All of my childhood, I never remember a time when sex was a taboo subject.  We discussed Roe v. Wade at the dinner table.  We talked about the issues surrounding abortion and I was actually given a voice to discuss my understanding of sexual ownership at a very young age.  We discussed the importance of safe sex in protecting you and your partner. 

In a way, it made me older than I needed to  be, but in a more realistic way, it prepared me to take a certain type of responsiblity for myself as both a woman and a sexual being.  Both of my parents took part in our sexual understand of self and gender roles.  For example, I did not have to wash the dishes on a given week because that was “womens work.”  I had to wash the dishes because it was my chore for the week.  It was a simple expectation.

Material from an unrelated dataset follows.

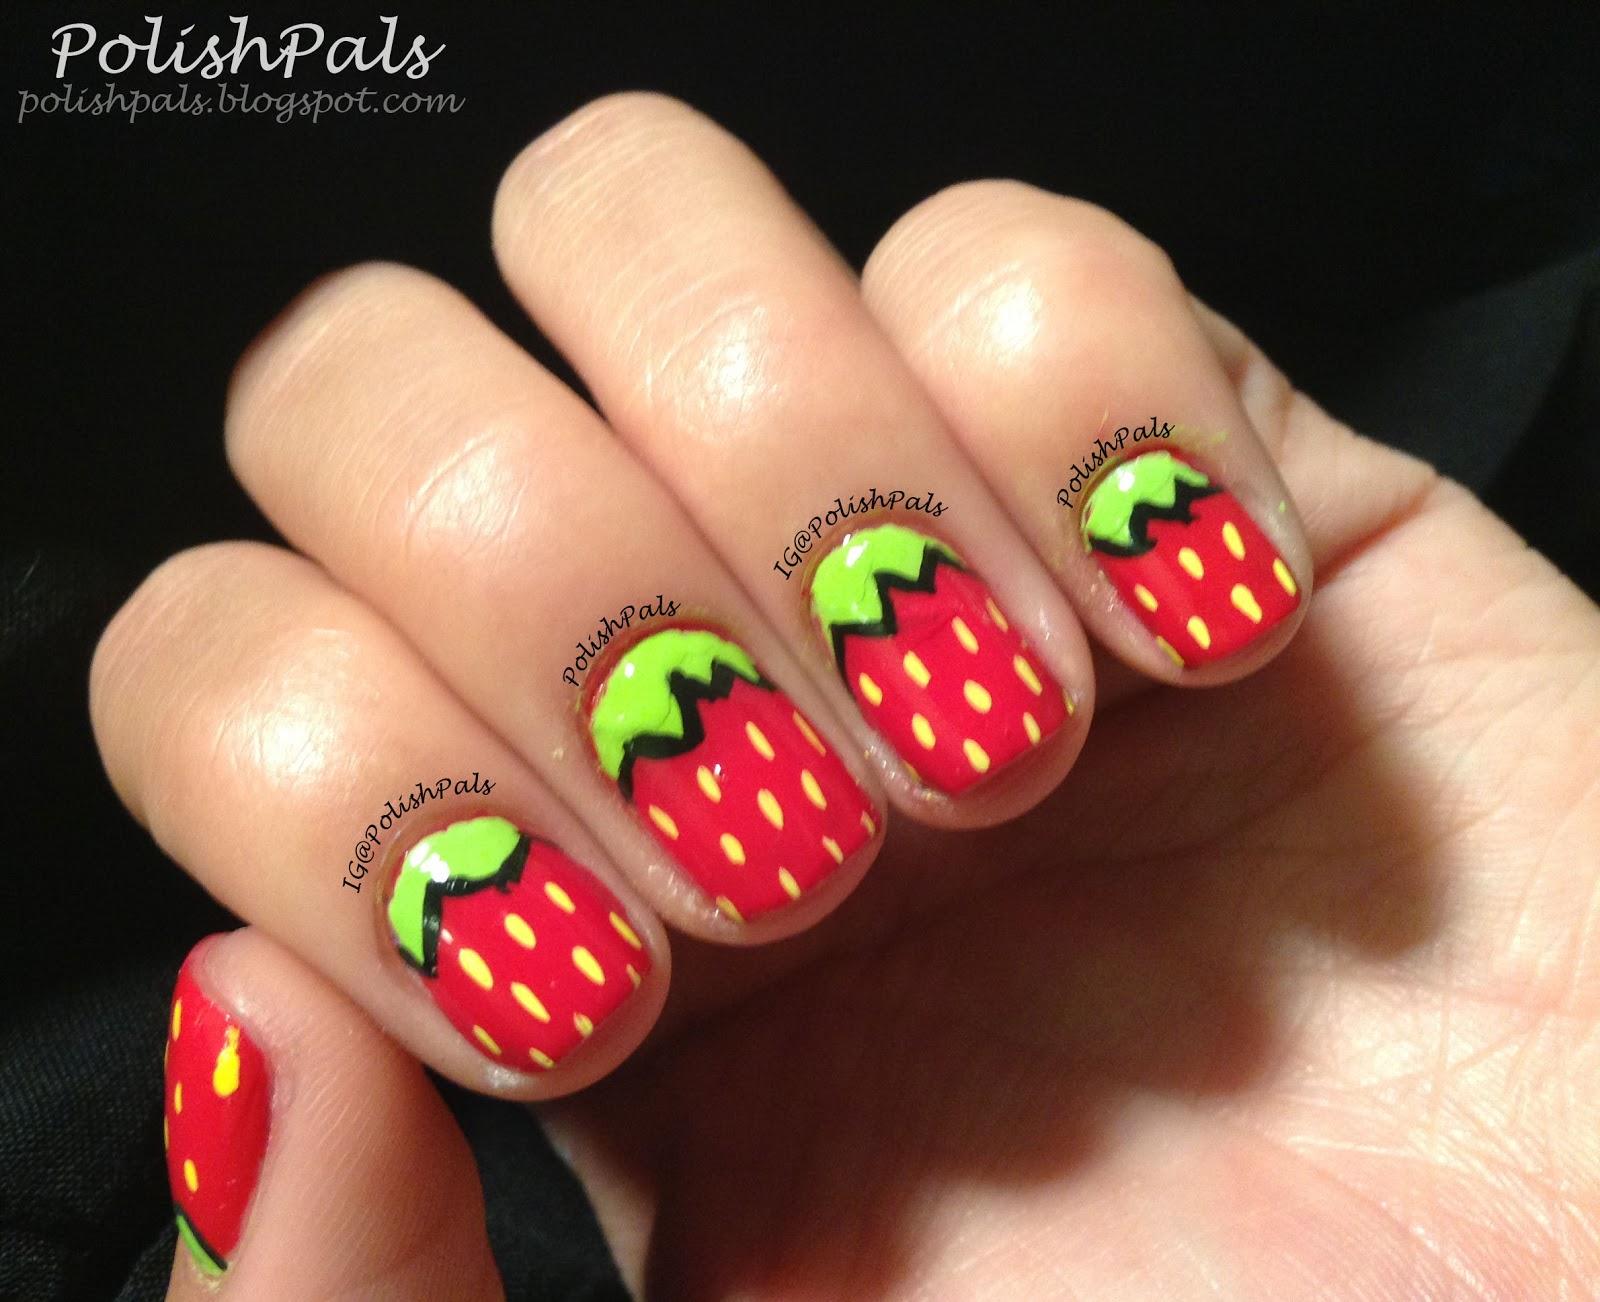 Polish pals strawberry nail art tutorial strawberry nail art tutorial prinsesfo Images

But in quite another way, it made life harder for me too.  Because I had experienced such voice and right to my own opinion, when I walked out into society, I quickly found out that those traits were not prized among my peers or society as a whole. 

See…no one in my family ever told me what not to say….they only ever asked me what I thought.  So, years later, out of this misfit family, we have two nudists (The Brother and Sunshine) and one Porn Queen (yours truly!) with a Marine (which my dad teases The Marine is almost like having a drug dealer in the family!  Dad is ex-Army).  We all consistently walk outside of the rhelm of what society calls normal.  Both The Brother and I  have long term, happy marriages with wonderfully close friends of the opposite sex.  Our spouses also maintain close relationships with members of the opposite sex.

My discussion with The Brother or Sunshine might, at any given time, turn to the topic of sex as easily as not, but none of us are uncomfortable.  In our own insanity, it sounds something like “did you know that blow jobs are being replaced by foot fetishes as the number one fetishes in the country?” 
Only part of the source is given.